= Brief =
Every line below should come back exactly as written, though the pictures stay out.

= Provided data =
Segment Open
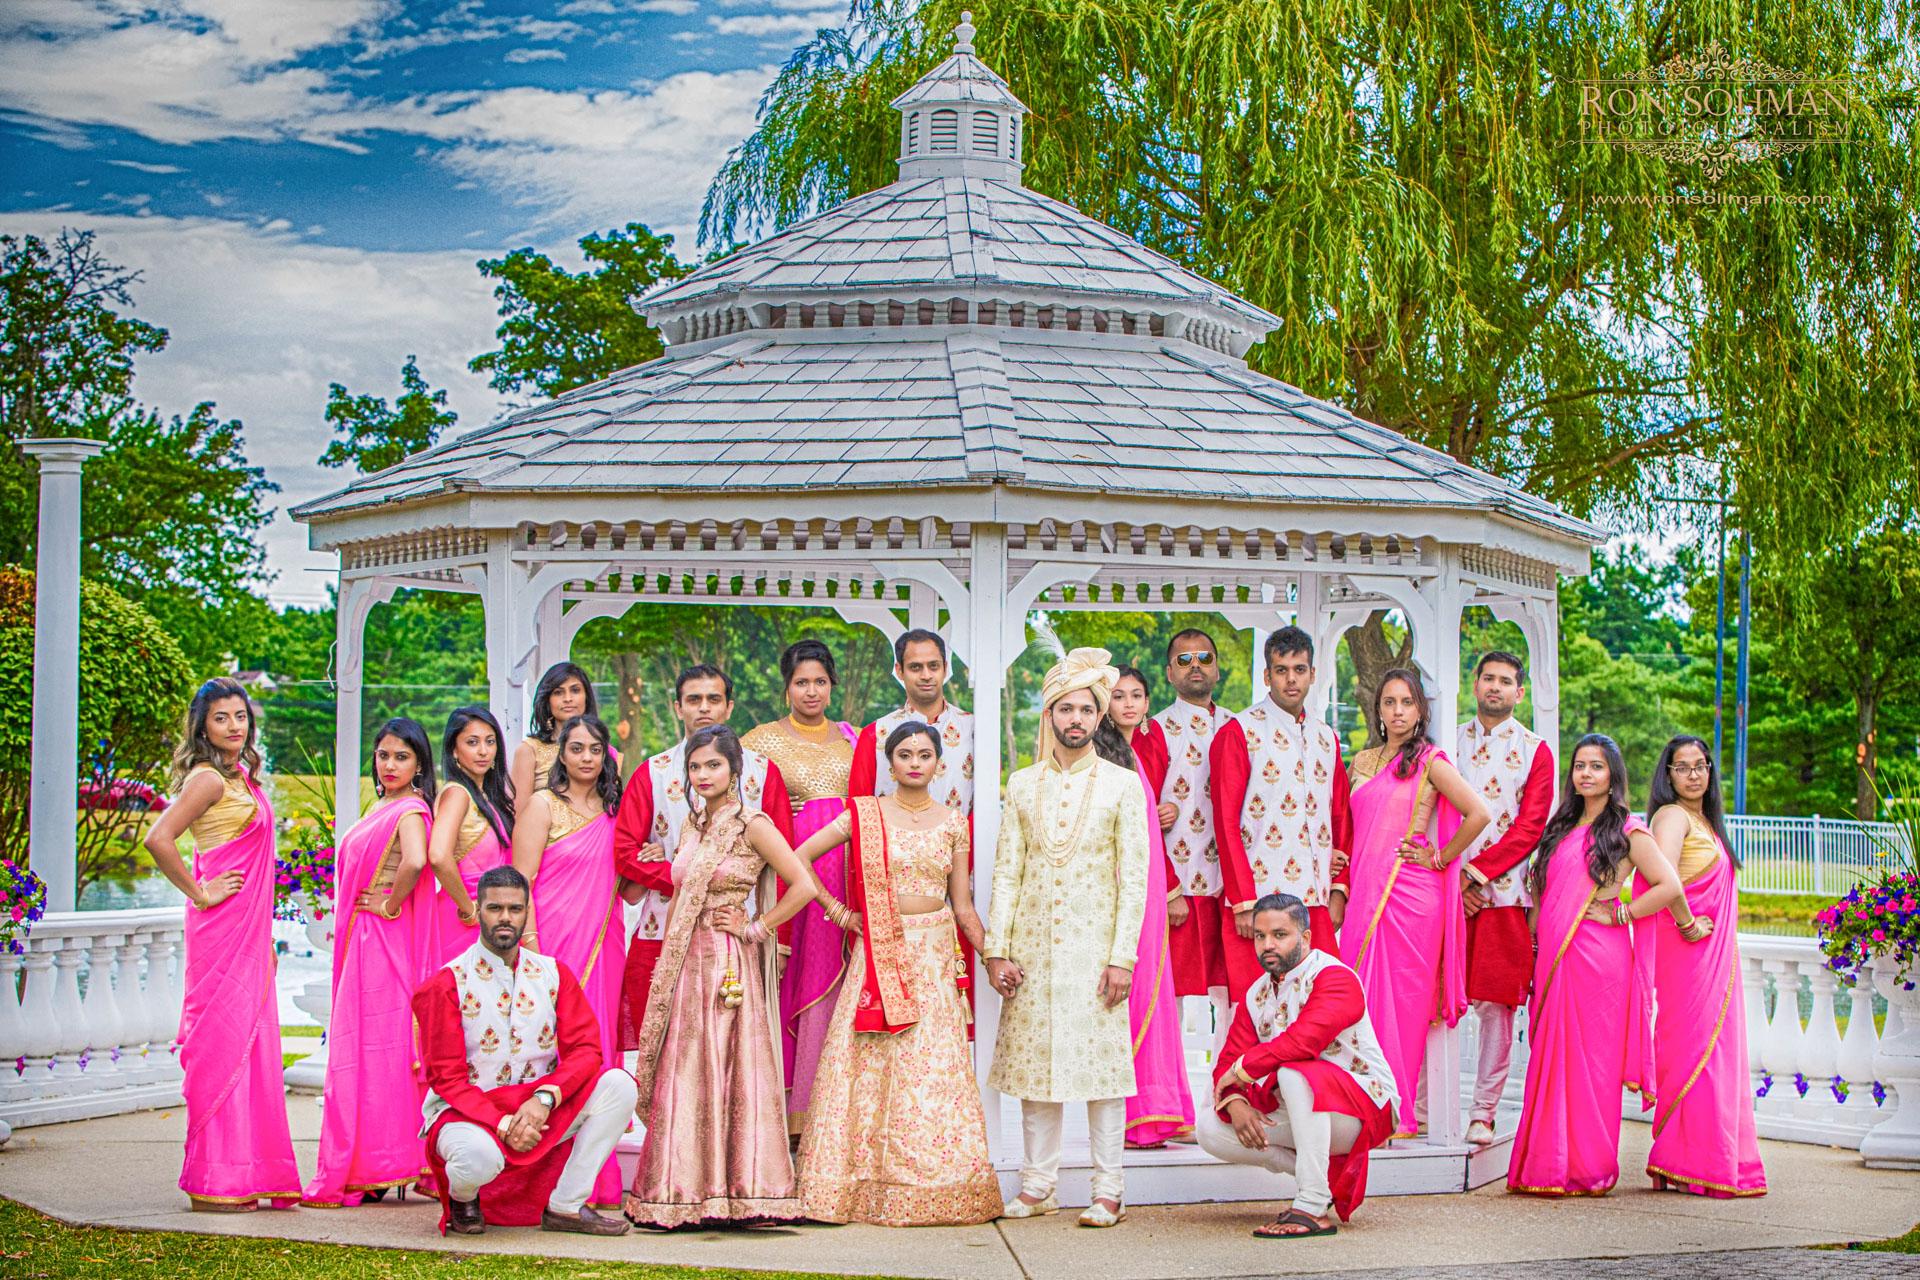 MANSION ON MAIN STREET WEDDING MA 6
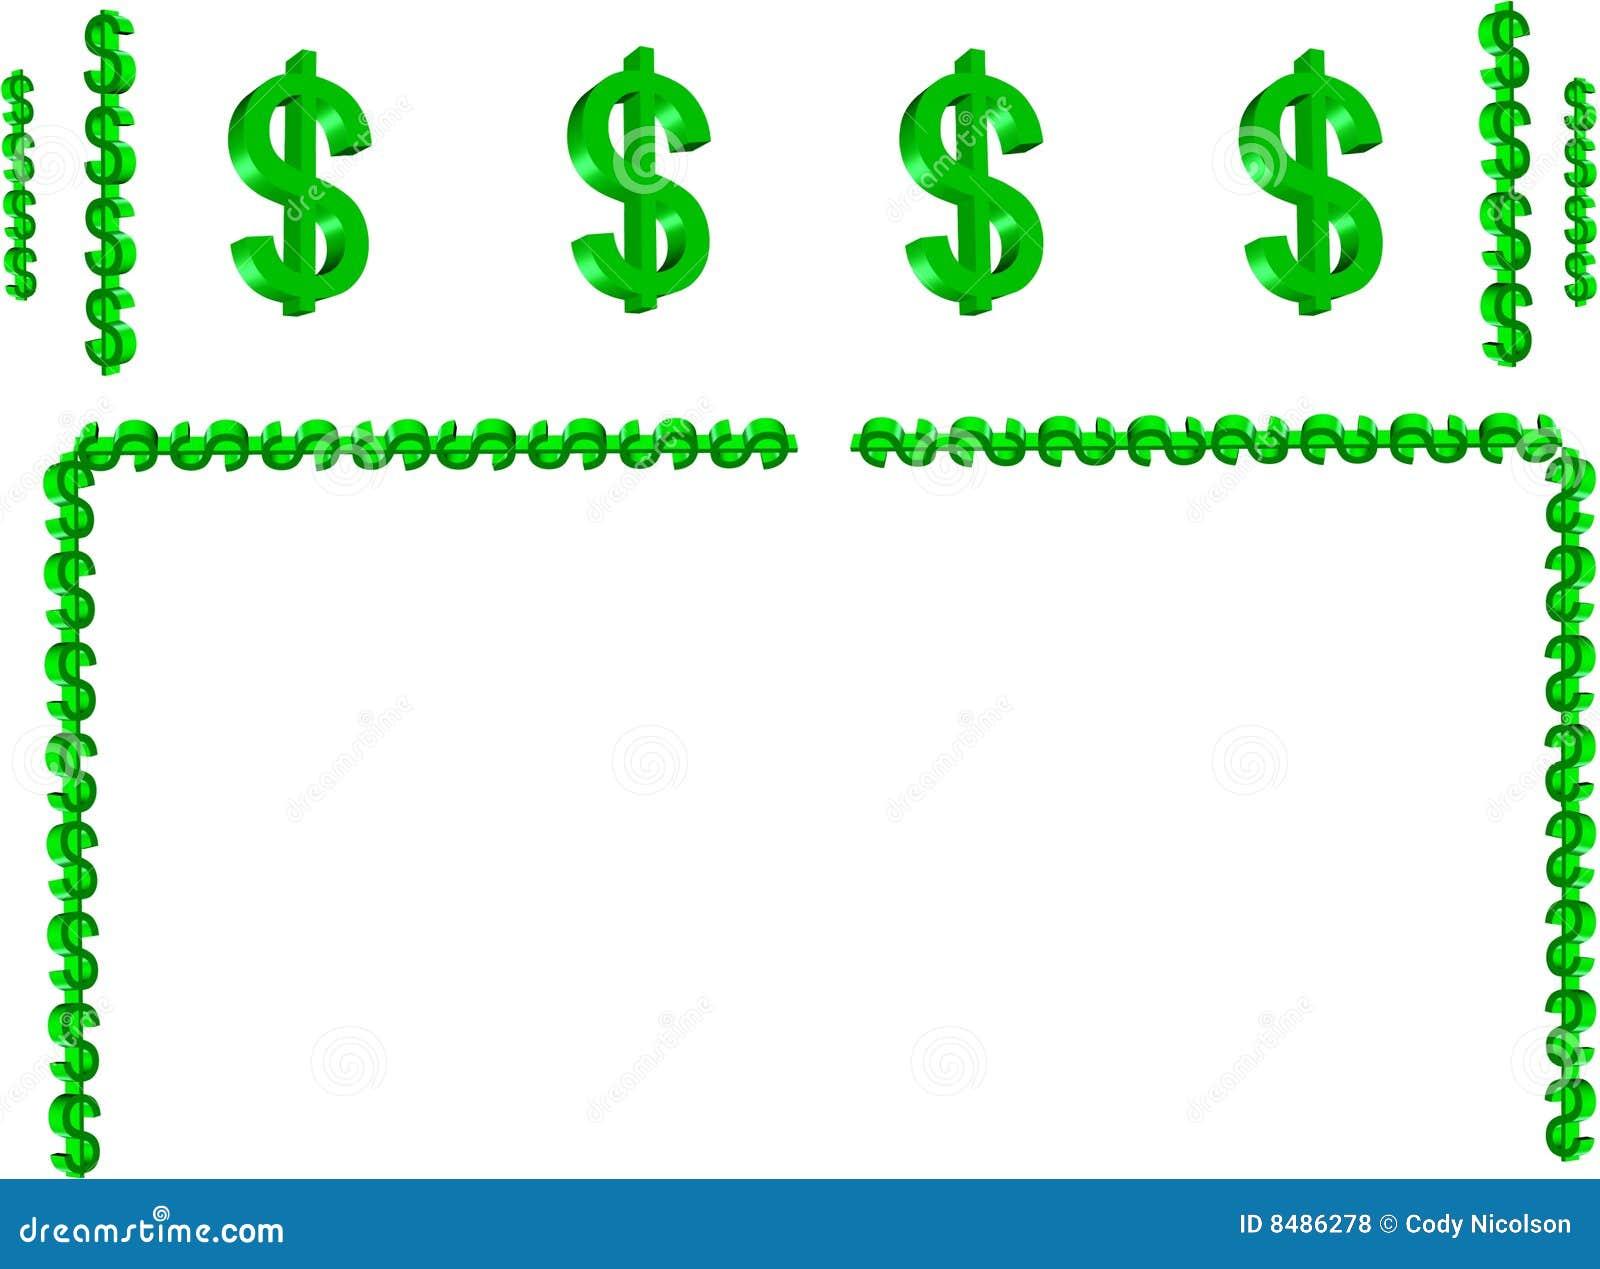 Money symbol border in 3d stock illustration illustration of money symbol border in 3d biocorpaavc Images
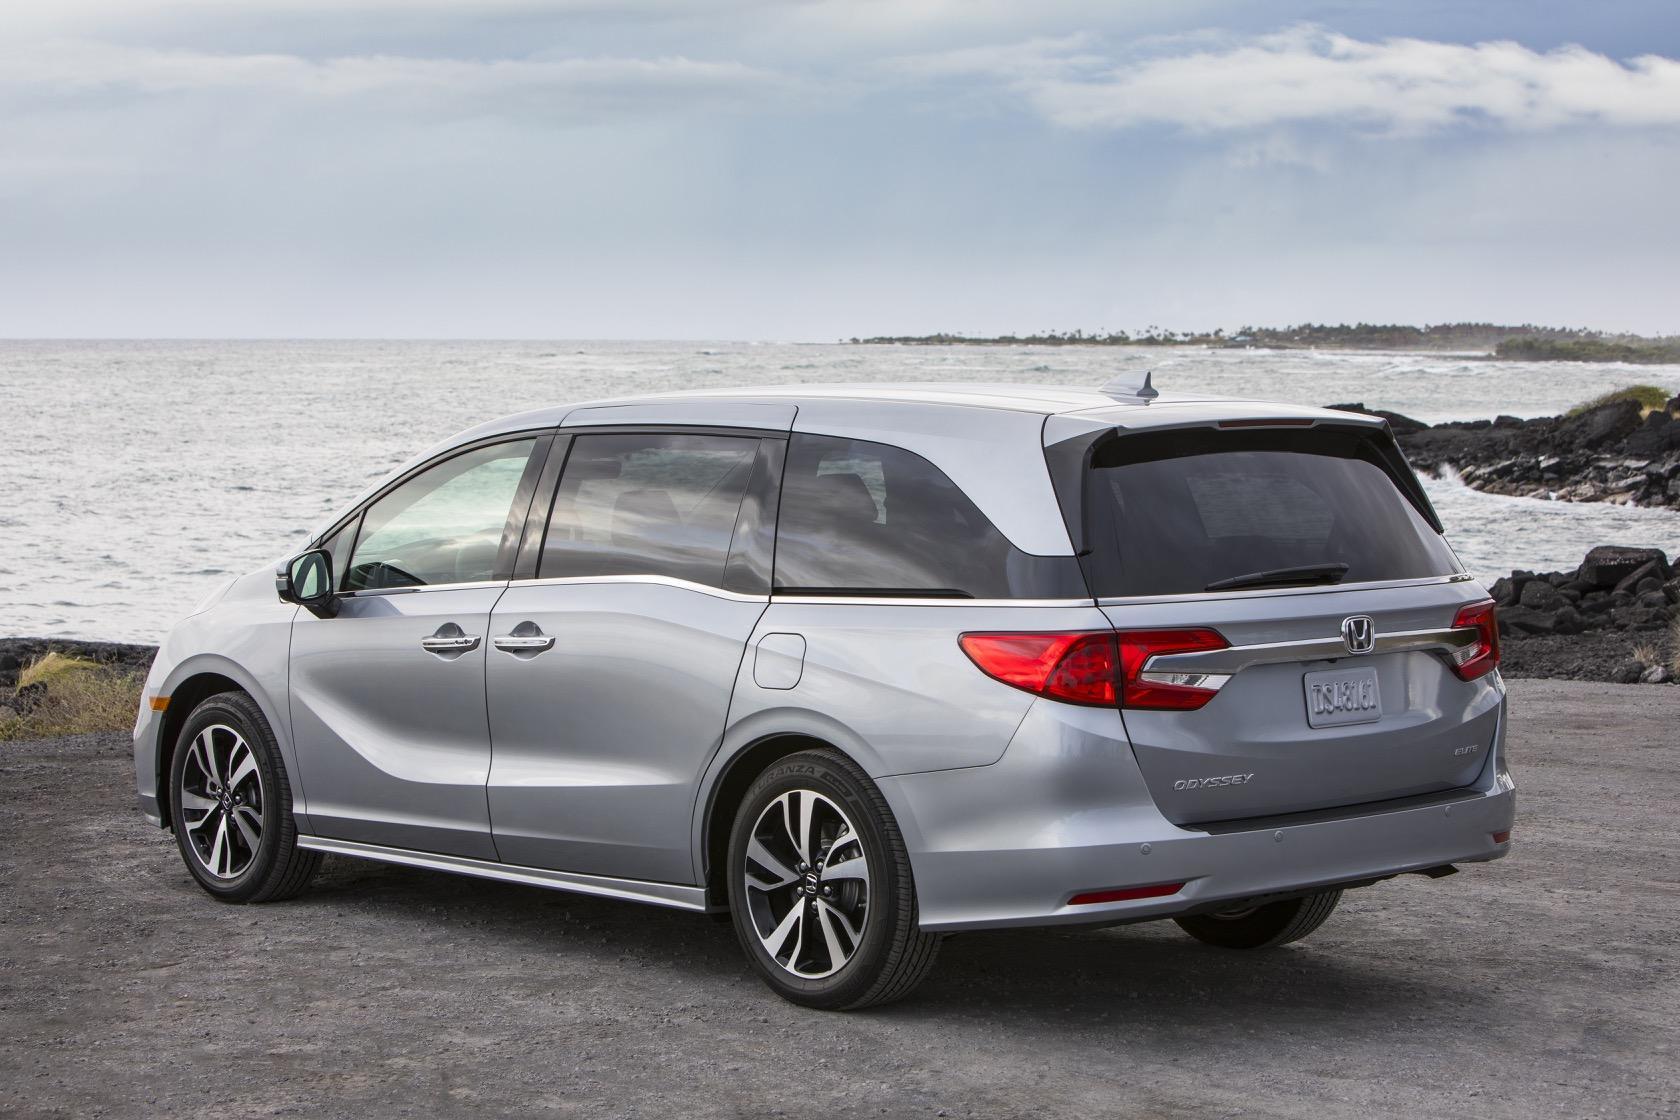 2019 Toyota Sienna Vs 2019 Honda Odyssey Minivan Comparison Slashgear
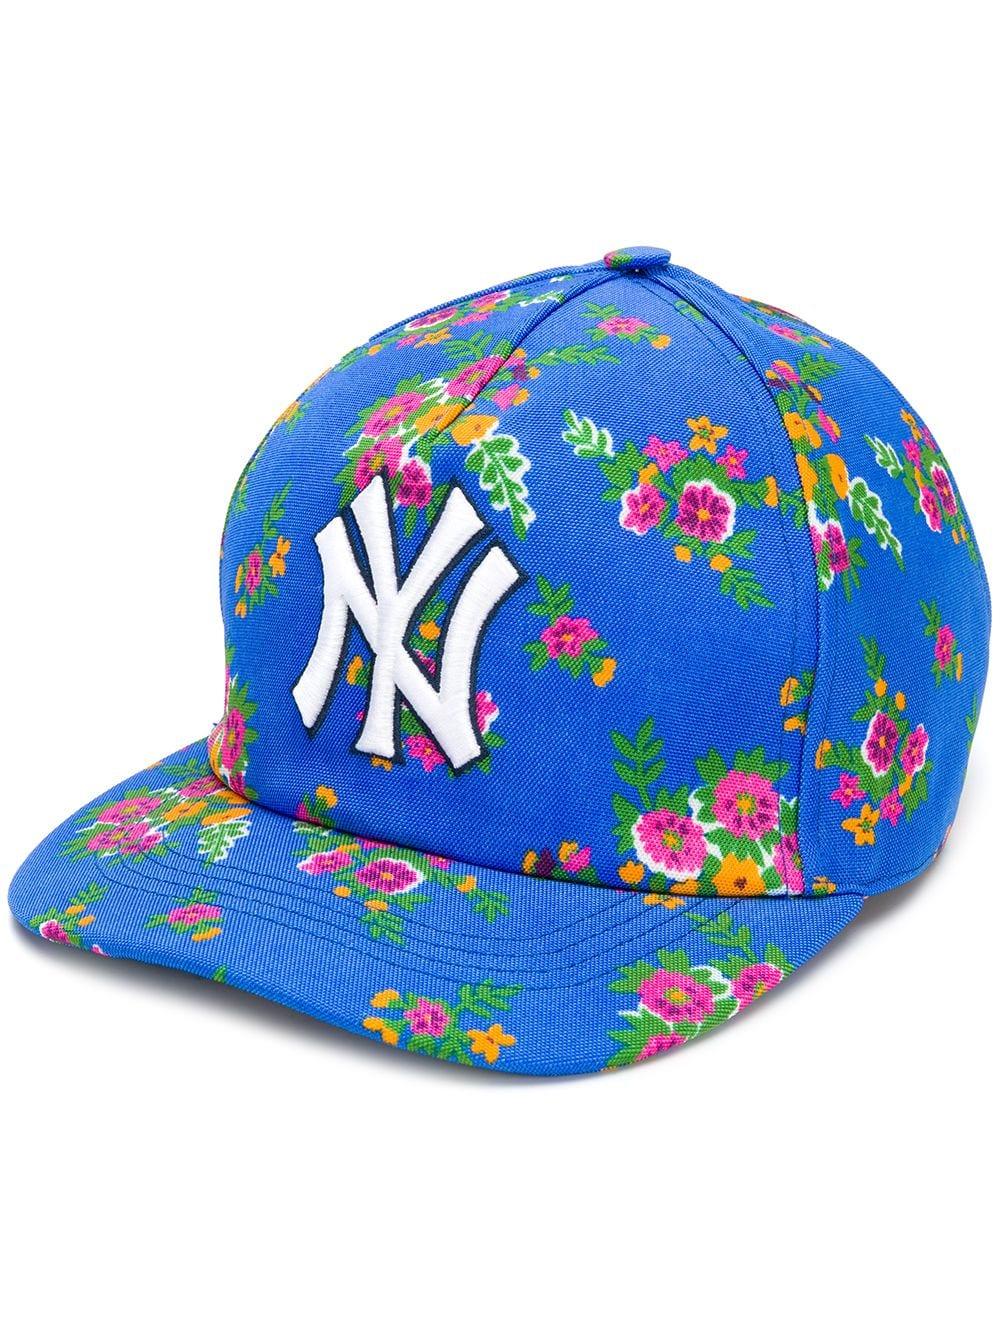 Gucci Ny Yankees Baseball Cap Farfetch Baseball Cap Gucci Yankees Baseball Cap
Segment Closed
= Exercise solution =
 MANSION ON MAIN STREET WEDDING MA 6
 Money symbol border in 3d stock illustration illustration of money symbol border in 3d biocorpaavc Images
 2019 Toyota Sienna Vs 2019 Honda Odyssey Minivan Comparison Slashgear
 Gucci Ny Yankees Baseball Cap Farfetch Baseball Cap Gucci Yankees Baseball Cap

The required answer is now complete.